Jd’ Stir The Blood 1997 on 10/22/97 Review

Event: Jd’ “Stir The Blood 1997”
Date: October 22nd, 1997
Location: Tokyo Korakuen Hall in Tokyo, Japan
Announced Attendance: Unknown

A few months ago I purchased tons of older Joshi events so I could catch up on all I missed as I didn’t start following Joshi until 2014. As I watch them, I figured I may as well review the events as well so others can join me in my walk through the past. This was a big show for the now defunct promotion Jd’ (or JDStar) that ran from 1996 to 2007. Jd’ was run and owned by Jaguar Yokota, the former AJW superstar that came out of retirement to form the promotion. Their events didn’t often appear in full form, as this is a television airing that clipped many of the matches. But the main event was shown in full, as Jaguar Yokota and Lioness Asuka battle for the TWF World Women’s Championship! Here is the full card:

  • Alda Moreno vs. Yuki Lee
  • Ryuna and Fang Suzuki vs. Yuko Kosugi and Kazuko Fujiwara
  • Jd’ Junior Championship: Megumi Yabushita vs. The Bloody
  • Cooga and Leoga vs. Esther Moreno and Sachie Abe
  • Kyoko Inoue and Sumie Sakai vs. Michiko Omukai and Chikako Shiratori
  • TWF World Women’s Championship: Lioness Asuka vs. Jaguar Yokota

As I mentioned, a lot of these matches are clipped, and I don’t have match times for many of these matches so I won’t know how much they are clipped. But we are going to watch it all anyway.

Alda Moreno vs. Yuki Lee

Finding backstories on some of these early matches is between impossible and almost impossible, but I will do the best I can. Alda Moreno was a luchadora with a storied history in AAA, wrestling with her sisters until she was forced into early retirement due to recurring knee problems. Yuki Lee was low enough on the totem pole that she doesn’t even have a page on Japan’s wikipedia, jd10.22-1however she originally debuted in AJW in 1990 and retired from wrestling in 1999.

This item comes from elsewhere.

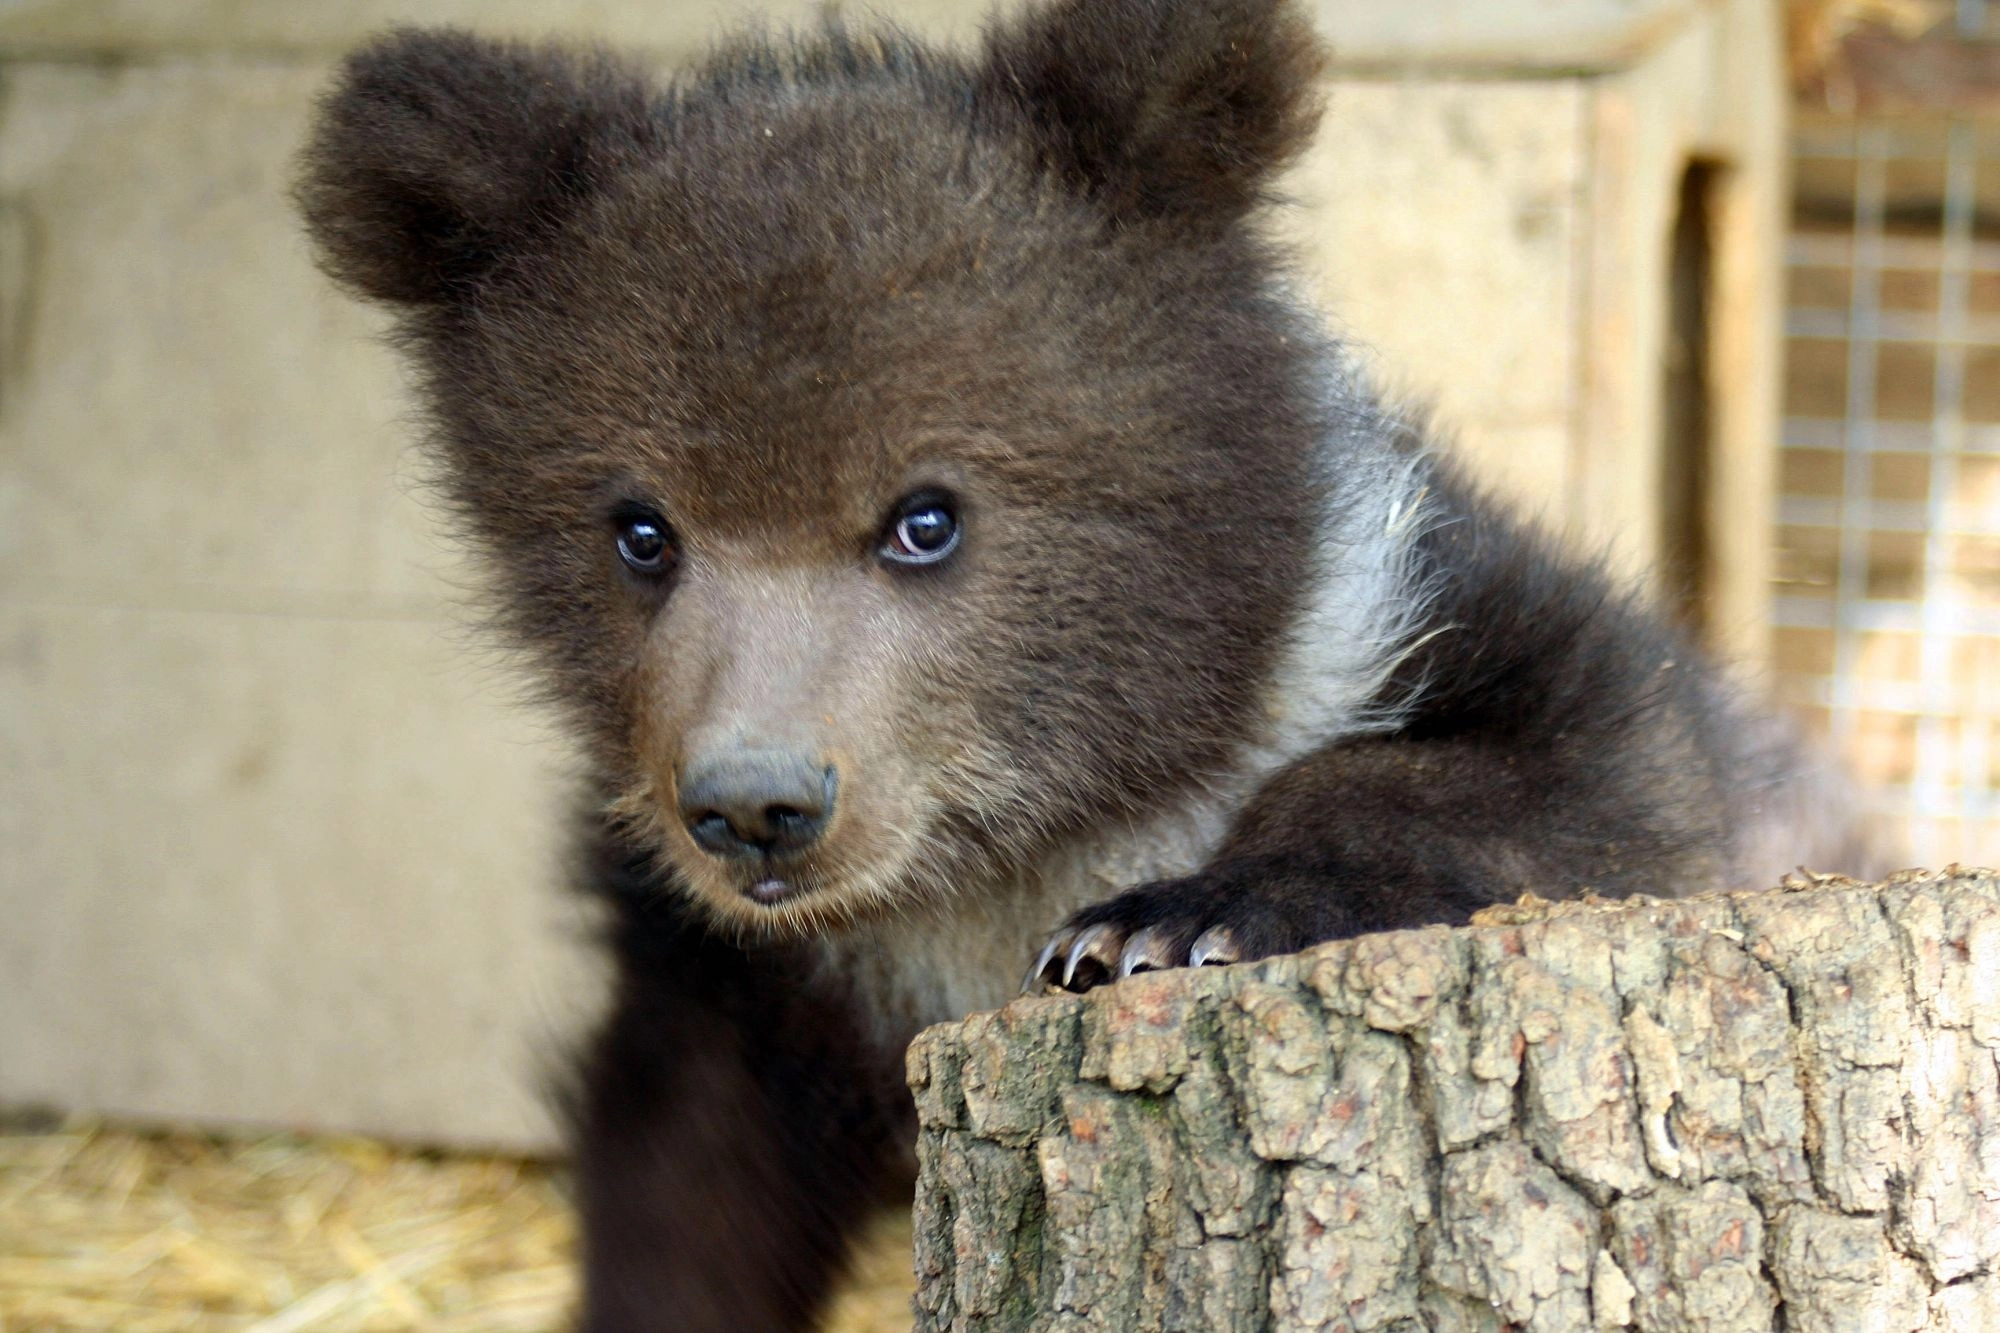 A bear cub at a sanctuary

This match was joined in progress, as Moreno knocks Lee out of the ring to the floor. Moreno charges the ropes and sails out onto Lee with a Tope con Giro, as they return to the ring she goes for a crossbody but Lee catches her and hits a fallaway slam. Yuki chops Moreno repeatedly before hitting a powerslam, covering Moreno for two. Lee puts Moreno on the top turnbuckle and hits an avalanche powerslam, picking up another two count.Lee picks up Moreno, Moreno gets away but Lee levels her with a superkick. Lee charges Moreno but Moreno kicks her way and hits a Tope con Giro off the top turnbuckle. Diving heel kick by Moreno and she applies Casita for a two count. Lee grabs Moreno and hits a leg trap German suplex for two, she waits for Moreno to get up and kicks her repeatedly. Piledriver by Lee, but Moreno barely kicks out of the pin. Lee puts Moreno on the top turnbuckle and she delivers an avalanche fallaway slam, and she gets the three count pinfall! Lee wins the match.

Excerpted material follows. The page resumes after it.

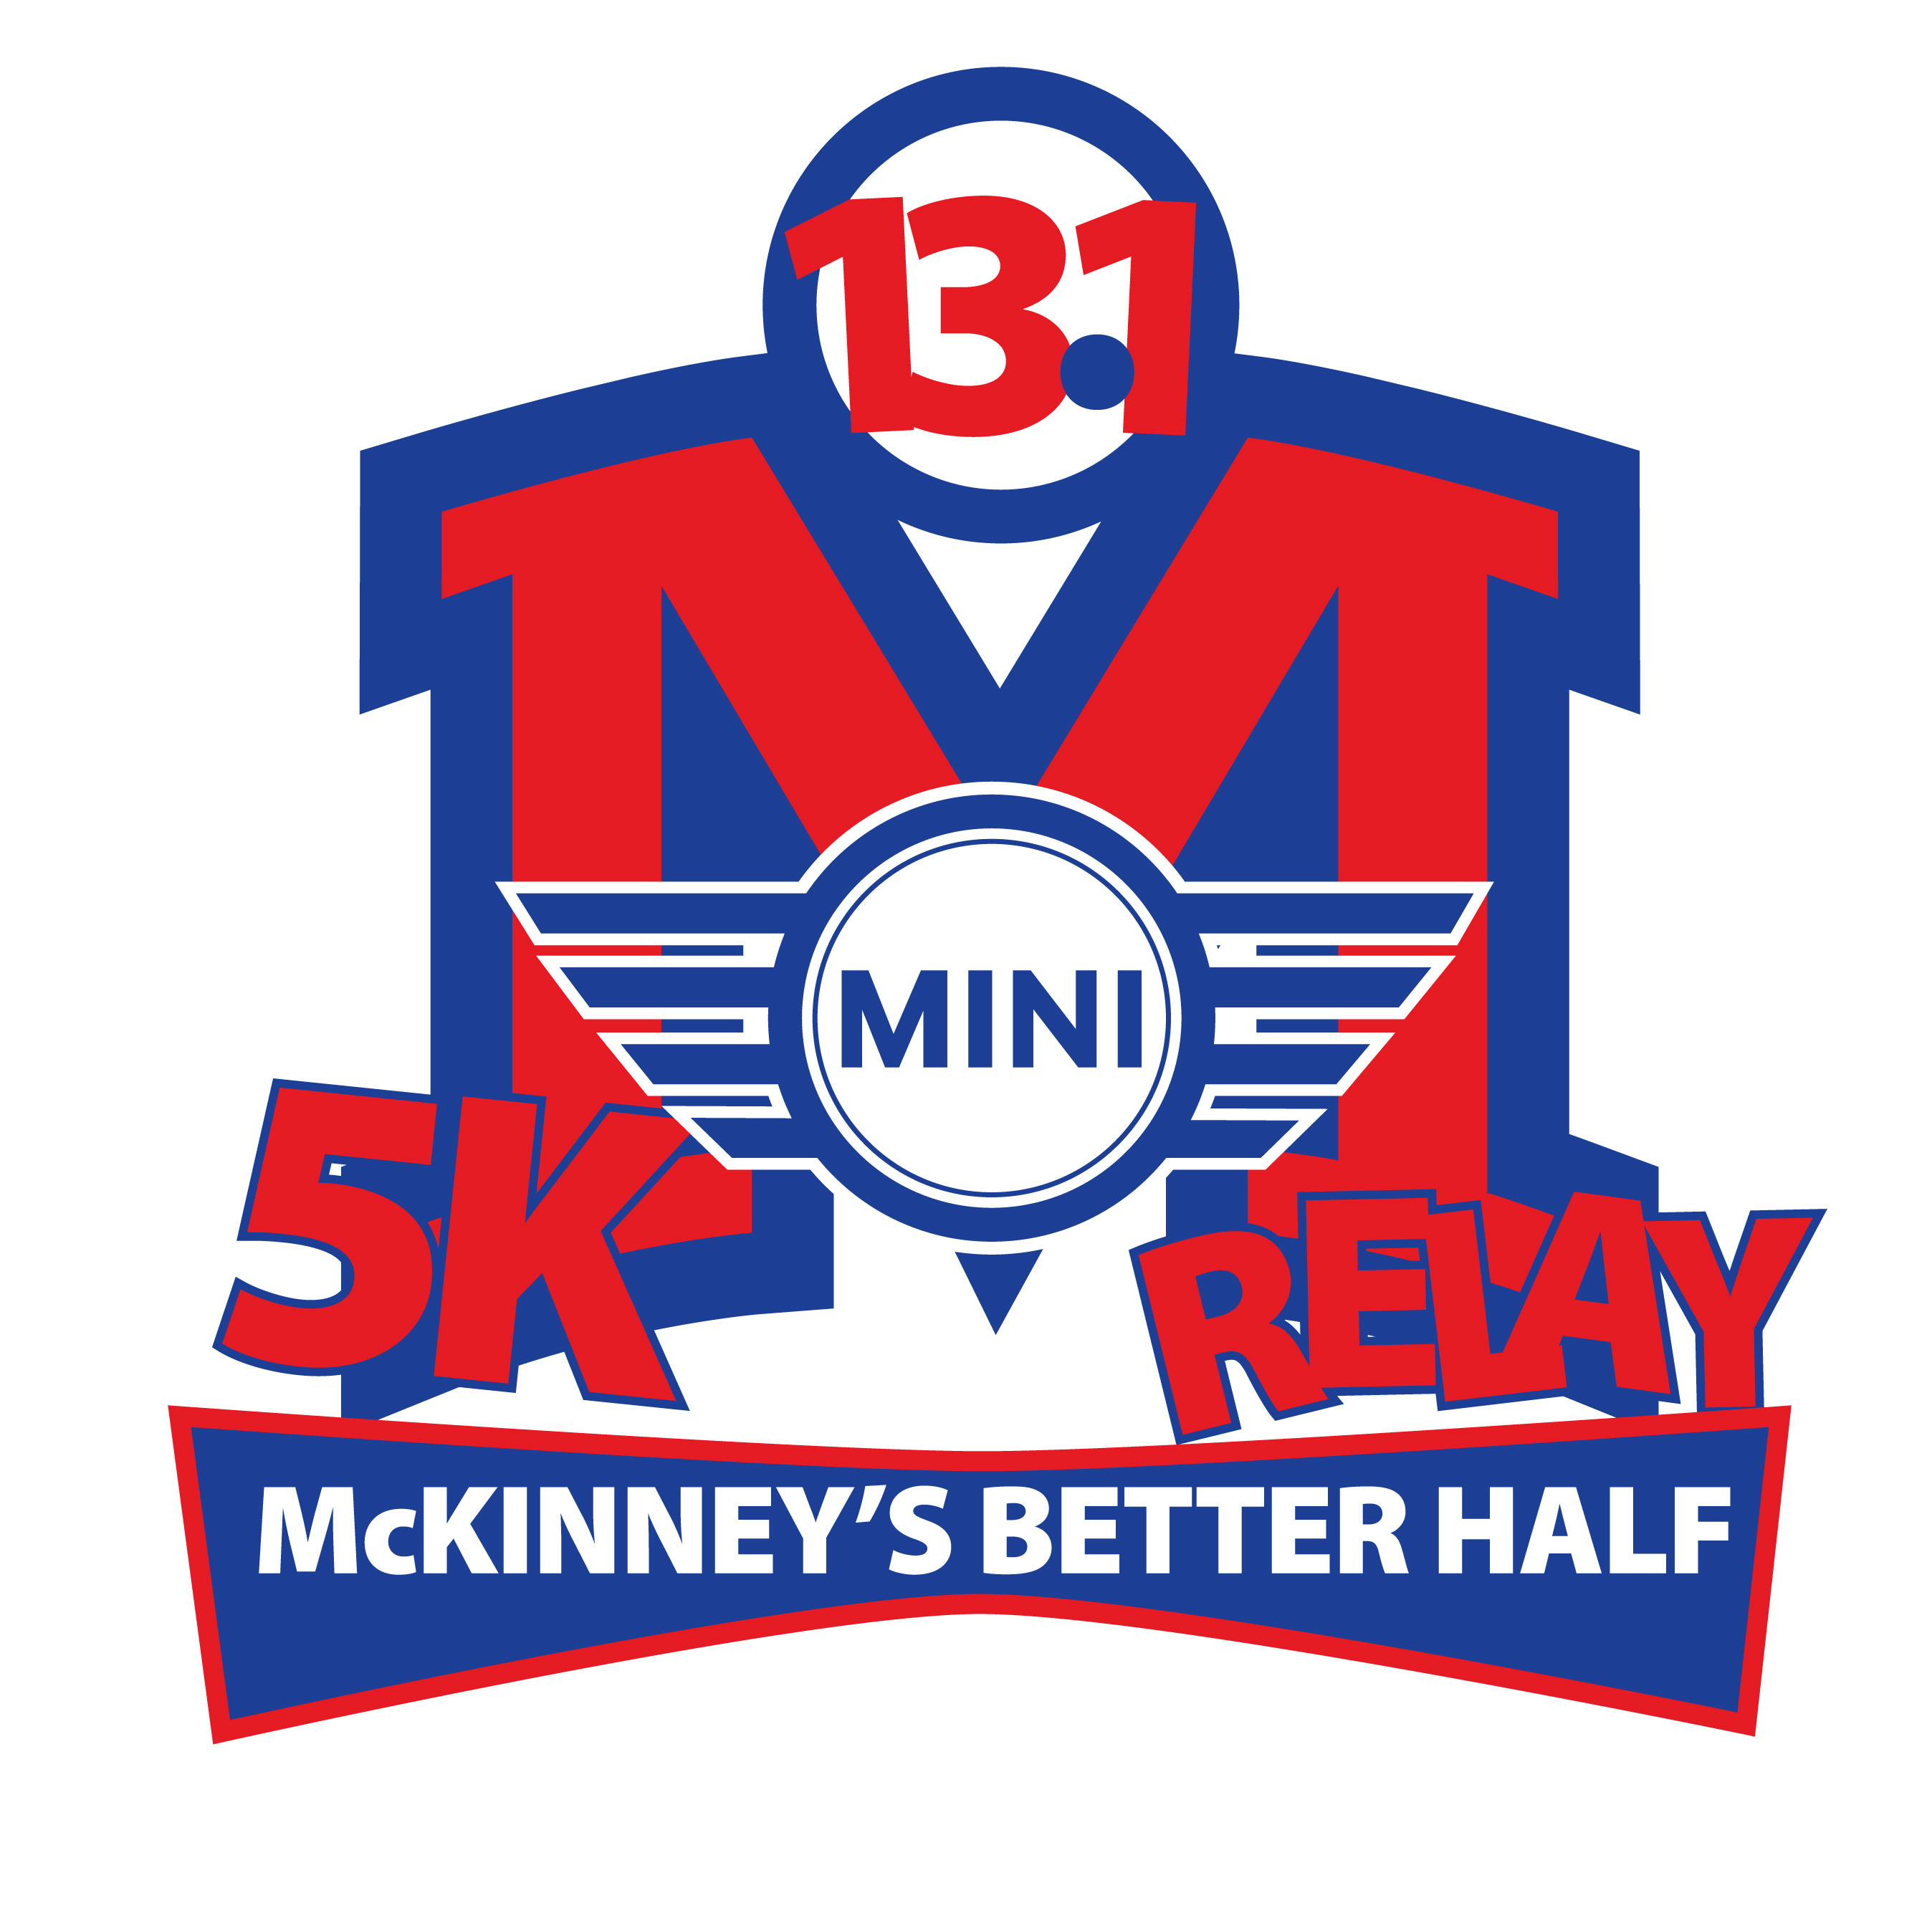 McKinney Mini Half Marathon Returning on November 8th

For an opener they had no issues flying around and doing high spots, which will probably continue for the entire card. I am surprised that Lee didn’t ‘make it’ so to speak, she had some really good moves and I loved all her fallaway slams, quite impressive. Moreno looked fine too, and for a clipped up opener I have no complaints.

Ryuna and Fang Suzuki vs. Yuko Kosugi and Kazuko Fujiwara

If none of these names look familar, that’s ok, they weren’t familar to me either at first glance. Ryuna is Yuki Morimatsu, aka Drake Morimatsu, and she is still active in GUTS World to this day. Fang Suzuki wrestled for various small promotions in her career, she officially retired on December 31st, 2005 but has wrestled at least two times since then as wrestlers never truly retire. On the other side, Kosugi had a pretty short career spanning 1996 to 2000, however she did win a handful of titles including the TWF Tag Team Championship in Jd’. Finally, Fujiwara is current Joshi star KAZUKI wrestling under her real name, this was just a few months after she debuted so she was still a baby (21 years old). At the time of the jd10.22-2match, none of these wrestlers had reached their full potential, however Ryuna and Suzuki were the clear heels.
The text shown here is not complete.